Regulation S Warrants Sample Clauses

Regulation S Warrants. (i) Without limiting the other restrictions set forth in this Section 9, each Holder of a Regulation S Warrant or the securities issued upon the exercise thereof agrees that for a period of one year from the date hereof (the “distribution compliance period”), in the event of a Transfer of the Regulation S Warrants or the securities issuable upon the exercise thereof, the Holder will (A) ensure that the Transfer is not made to a U.S. person unless pursuant to an exemption from registration under the Securities Act or such Warrant or the securities issued upon the exercise thereof, as applicable, have been registered under the Securities Act; (B) unless the Warrants or the securities issued upon the exercise thereof have been registered under the Securities Act, require the transferee to certify that it either (I) is not a U.S. person, is not acquiring the Securities for the account or benefit of a U.S. person and is acquiring such securities in an “offshore transaction” as defined in Regulation S, or (II) it is acquiring the Securities in a transaction that does not require registration under the Securities Act; (C) require that the transferee agree to resell or otherwise Transfer the Regulation S Warrants or the securities issuable upon the exercise thereof only in accordance with Regulation S, pursuant to an effective registration statement under the Securities Act or pursuant to an exemption from registration and not to engage in hedging transactions unless in compliance with the Securities Act and (D) disclose that the Regulation S Warrants or the securities issuable upon the exercise thereof have not been registered under the Securities Act and cannot be sold in the United States or to U.S. persons absent registration under the Securities Act or an exemption from such registration.
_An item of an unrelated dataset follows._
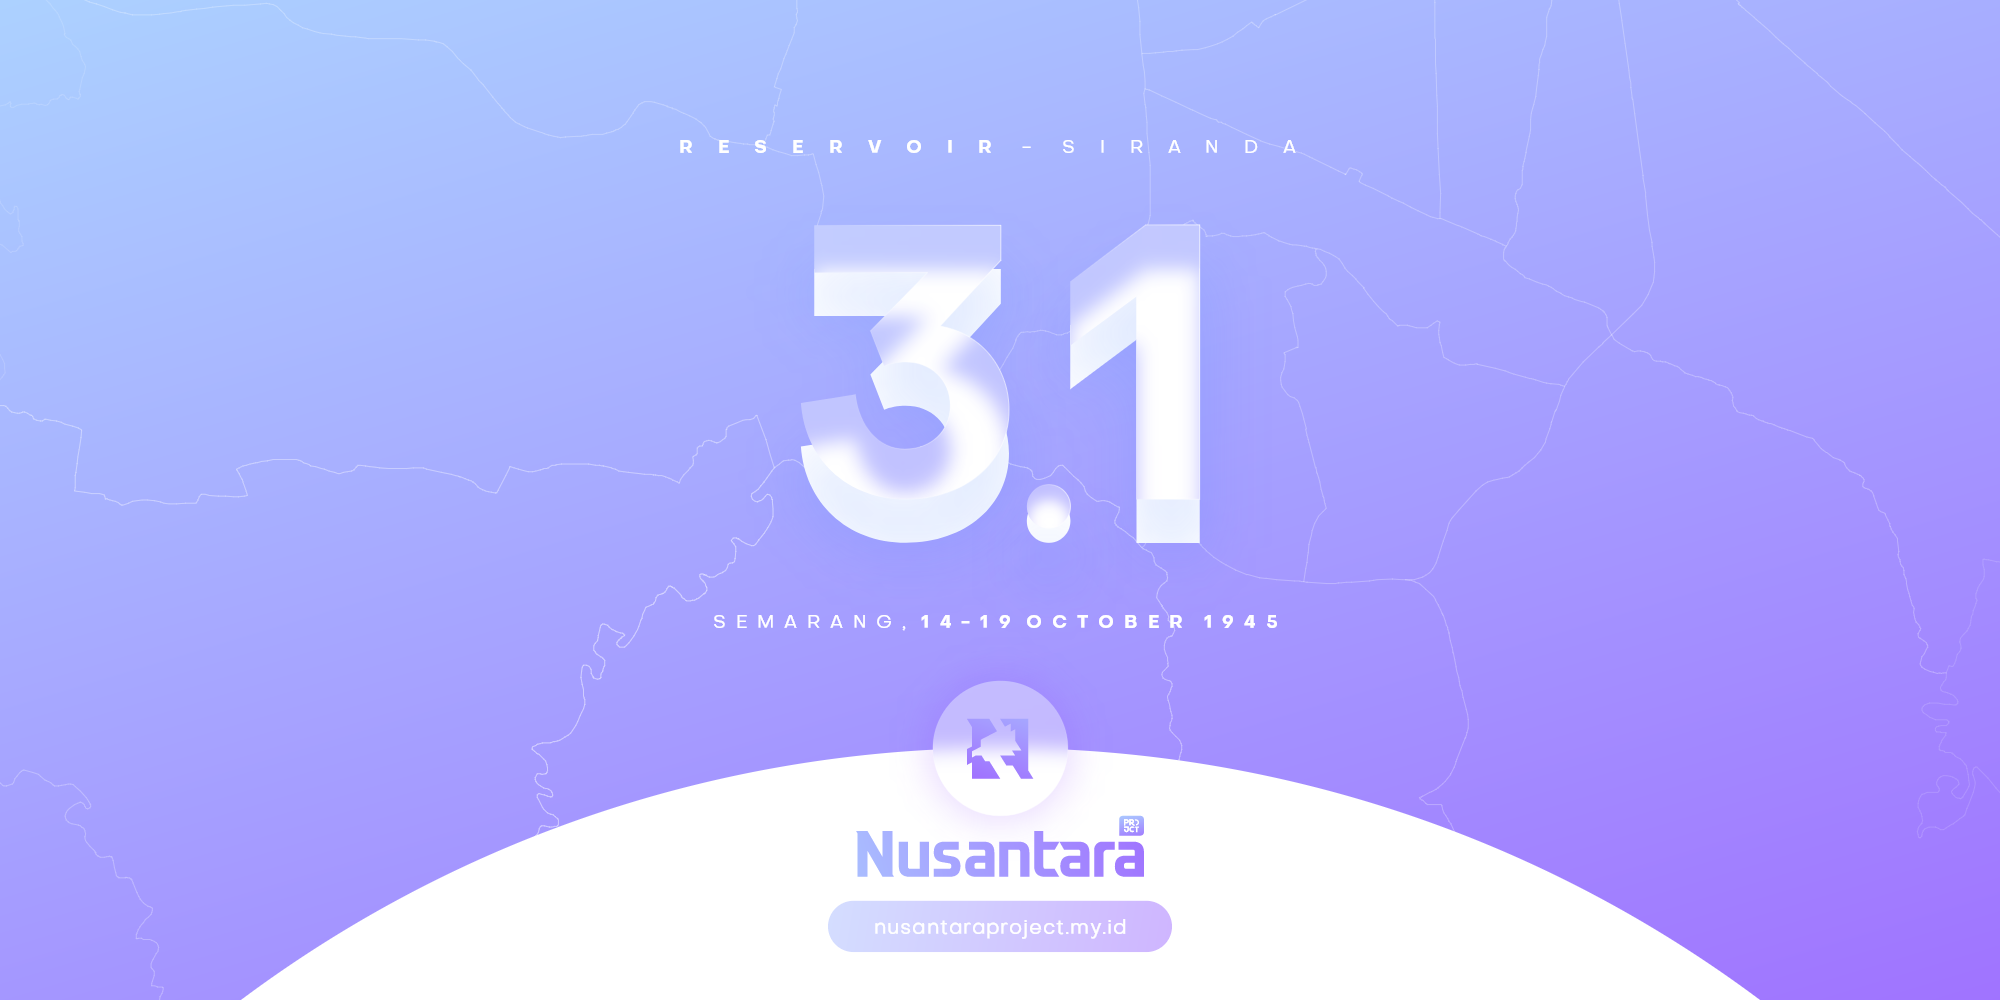 [ROM] NusantaraProject - v3.1 Reservoir [Mi 6][Sagit]

In connection with such a Transfer, the Company will (x) ensure that the Regulation S Warrants or the securities issuable upon the exercise thereof bear a legend as set forth in Section 2 hereof; (y) refuse to register any transfer of Regulation S Warrants or the securities issuable upon the exercise thereof not made in accordance with Regulation S, pursuant to an effective registration statement under the Securities Act or pursuant to an exemption from registration; and (z) send a confirmation to the transferee stating that the transferee is subject to the foregoing restrictions on Transfers.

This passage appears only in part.